Gregor Bloéb (born 3 January 1968 in Innsbruck, Austria) is an Austrian theater, film, and television actor.

== Life ==

=== Career ===
Bloéb first gained fame in 1990 by impersonating the mayor's and hotelier's son "Stefan Wechselberger" in Felix Mitterer's Piefke Saga, in which his brother Tobias Moretti also starred.

After six years of directing the Theatersommer Haag, Adi Hirschal handed over this position to Gregor Bloéb at the end of 2008, who played "Phileas Fogg" in Around the World in Eighty Days. Bloéb played the leading role in the play Cyrano de Bergerac in the first year of the artistic directorship.

Apart from acting, Bloéb also devotes himself to music. His band Gregor Bloéb und seine Tantiemen is now known far beyond the borders of Tyrol with its program consisting of music and comedy.

From March 2006 Gregor Bloéb took part in the 2nd season of the ORF show Dancing Stars alongside his dance partner Michaela Heintzinger as a celebrity dancer. He had to leave the show after the 5th round, on April 7.

In the film Keinohrhasen (2007) he plays a couple with his wife Nina Proll, in a guest role.

In 2010, he played Bushido's tour manager Marek Lieberberg in the Bushido biopic Zeiten ändern dich.

In 2013 he played Franz Jägerstätter in the eponymous drama Jägerstätter by Felix Mitterer, the premiere was on June 20, 2013, at the Theater in der Josefstadt. In the same year, he played Sigismund in the remake of Ralph Benatzky's Singspiel The White Horse Inn. It was based on the old Berlin comedy The White Horse Inn by Oskar Blumenthal and Gustav Kadelburg. Bloéb thus follows in the footsteps of the 1952 film adaptations by Ulrich Beiger and Gunther Philipp, which still flickered across the screen with the legendary Hugo Lindinger – he played the mayor. At Stiegl's Bockbierfest in the city of Salzburg, the first clips of the reimaging with Bloéb could be seen.

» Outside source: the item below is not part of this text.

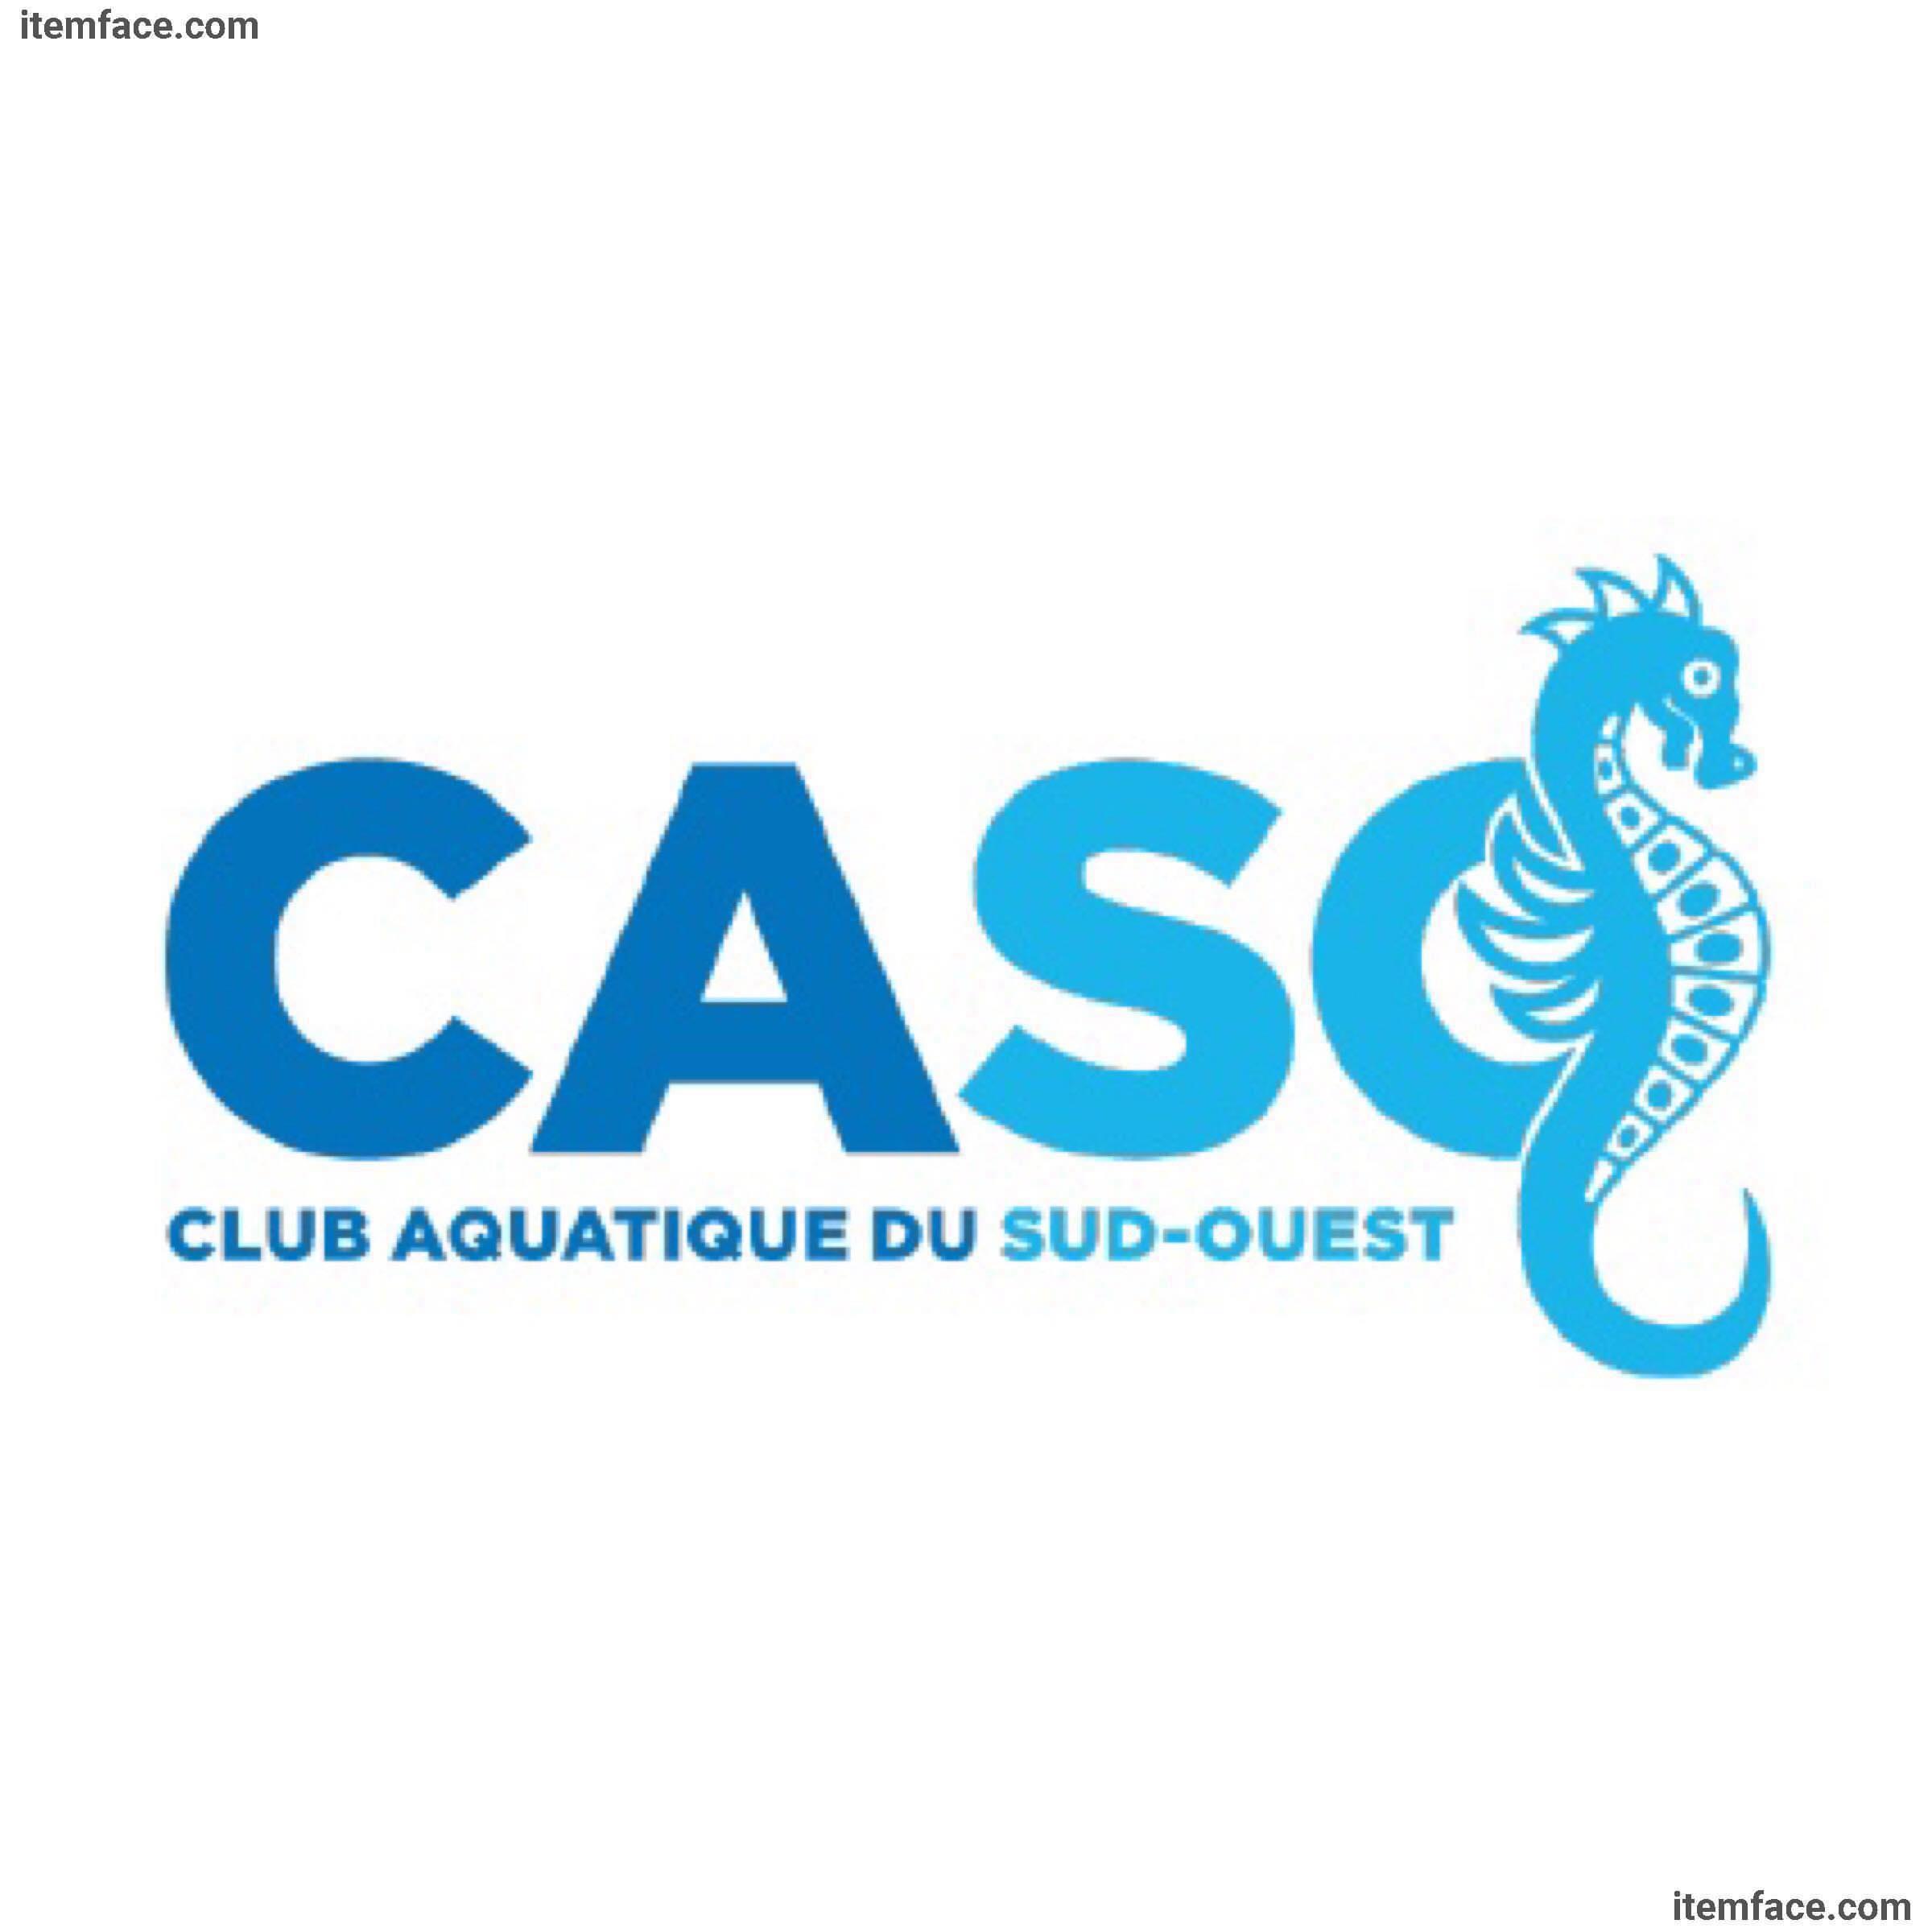 Club Aquatique Du Sud-Ouest (CASO) - Sports Club

Since 2019, he has appeared in the roles of the "Guten Gesell" and the Devil at the Salzburg Festival, directed by Michael Sturminger in Jedermann.

=== Private ===
Bloéb has two children with his former partner, actress Ute Heidorn, including actress Josephine Bloéb. He lives in Berlin and Pfaffenhofen. Bloéb and Nina Proll's son was born in 2008, shortly before that they had married, and their second son was born in 2010. Bloéb's brothers are Christoph Bloéb and actor Tobias Moretti.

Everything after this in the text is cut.